One could imagine it would be a bit frightening to depend on new samples and loops each night, and how it could all come crashing down. That may be part of what attracts the audience. "What makes it interesting is that they are engaged in the possibility of failure," Bird says. "They can see that at shows, they can see that if I don't nail one turn, I'll maybe get three tries, and people start to root for you. But after that, it's like, `C'mon.'"

The new incarnation of Bird's live act includes a bass player and Minnesota indie-electronica artist Martin Dosh on drums. It's not a straightforward rock band though--he's still using loops and samples, complicating the process just enough to scare the shit out of him. "Those first couple shows at Logan Square [Auditorium, two sold-out nights the band played last November], I was a nervous wreck. Before, when I was playing solo, that was part of the fun of it. Because I know things can only go so wrong. I could drop my violin and smash it--which I have done--and bring the show to a screeching halt. But that becomes part of the energy of the show."

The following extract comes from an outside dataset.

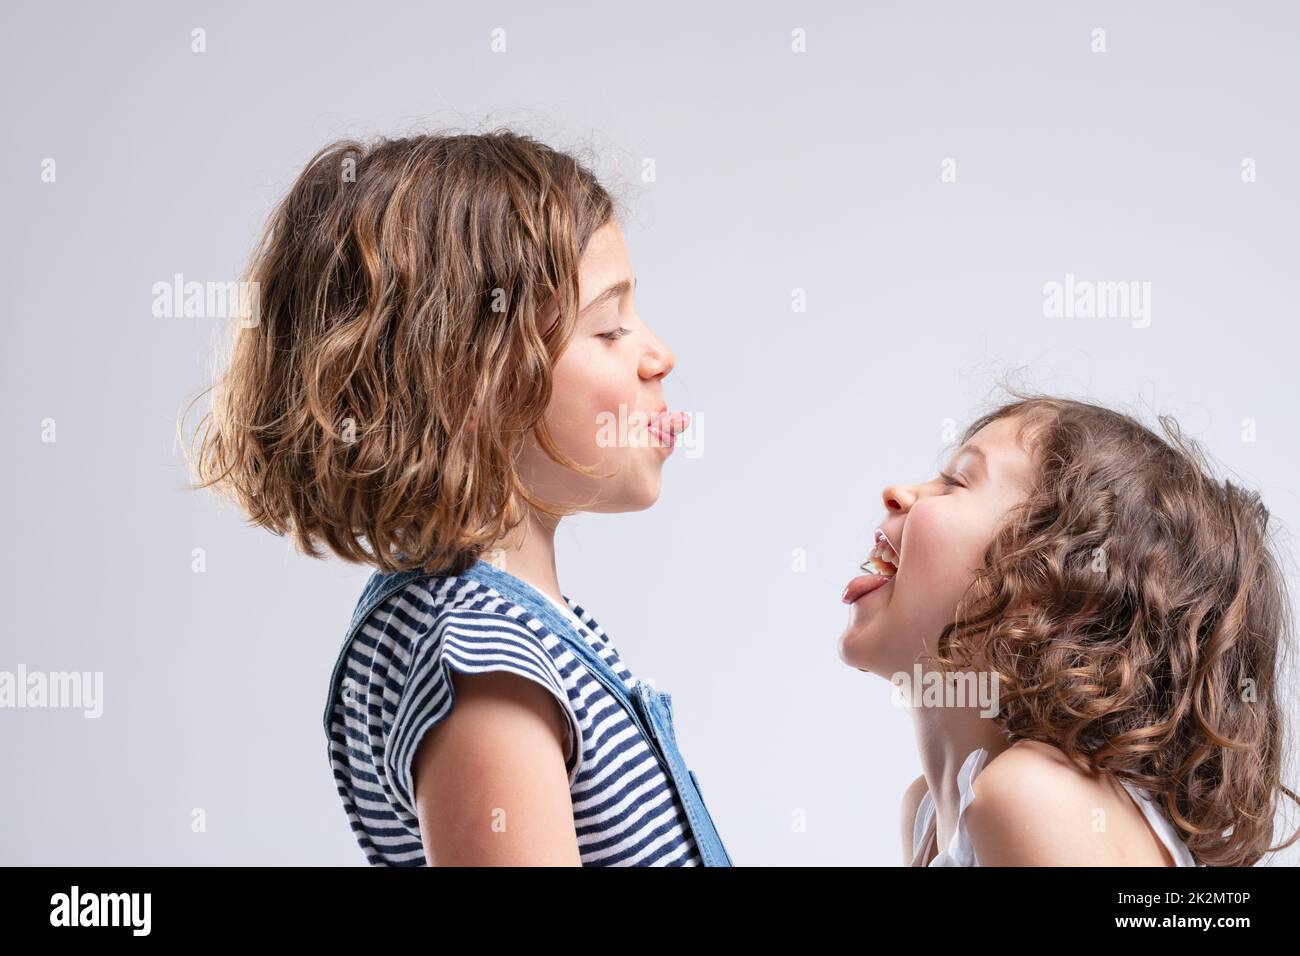 Two naughty young girls sticking out their tongues Stock Photo

That energy hasn't been put to tape as well as it has on "Armchair Apocrypha," Bird's newest record, on Fat Possum. Absolutely the most indie-rock-inspired of his catalogue, Bird uses more guitar and less violin, less whistling and darker subject matter. Cathartic, lovely choruses make way for--when he uses them--beautiful violin parts, some scientific study in the lyrics (see: decomposition) and yes, images of the apocalypse (this may come through the media). The quieter, subdued songs balance out bits of electronics (compliments of Dosh), an instrumental closer puts you to sleep and, in between, one of the year's best new records, with memorable tracks "Fiery Crash," "Plasticities," "Heretics" and "Dark Matter" resonating profoundly as the new weather finally approaches in Chicago.

"There's still a pop science there," he says of the new record's themes. "`Dark Matter' deals with a kind of bizarre pop science. `Spare-Ohs' deals with the remains of animals or humans, and that getting into your food or skin or hair. Themes of mortality. Three or four other songs have the theme of being vigilant against the media and unwanted influences."

He cites "Plasticities" as the record's "battle cry," reciting the hook, "We'll fight we'll fight/ We'll fight for your music halls/ and dying cities/ They'll fight they'll fight/ for your neural walls/ your plasticities."

"Every time I'm working on a song," he says, "I'll go into a public place and have this delicate thing going on in my head. Then something comes by and obliterates it. Advertising companies and corporations buy into how the brain works--like an indiscriminate sponge. And they'll just pummel you until you give in." He gives an example: "It's like when all these people that I thought had better taste started saying, `Well, Dave Matthews isn't that bad.'"

The absence of the violin--not entirely, mind you--is somewhat obvious to a listener well-versed in Bird's history. "It just kind of happened," he says. "It's so easy to use strings that sound lovely. Does the world need to hear this right now? Part of me [feels] it's kind of too easy to prettify the song with strings. I look at it like, do we really need to hear this right now? Am I pushing myself?"

Bird lives in Logan Square now, where he's been for about two years, when he's not at his barn, out near Galena. A family farm he acquired a few years ago, Bird spent much time there as a kid, and now uses it to get away, write, think. He says that Chicago has become a place "to disappear and get my shit together," and that its familiarity is comforting. While the city may have inspired him in the past--like the few years he lived in Pilsen--it's ceased now, as he finds more inspiration from being out on the road or at his barn, in solitude. "To be honest with you," he says, "if I didn't travel so much, I'm not sure I'd live here."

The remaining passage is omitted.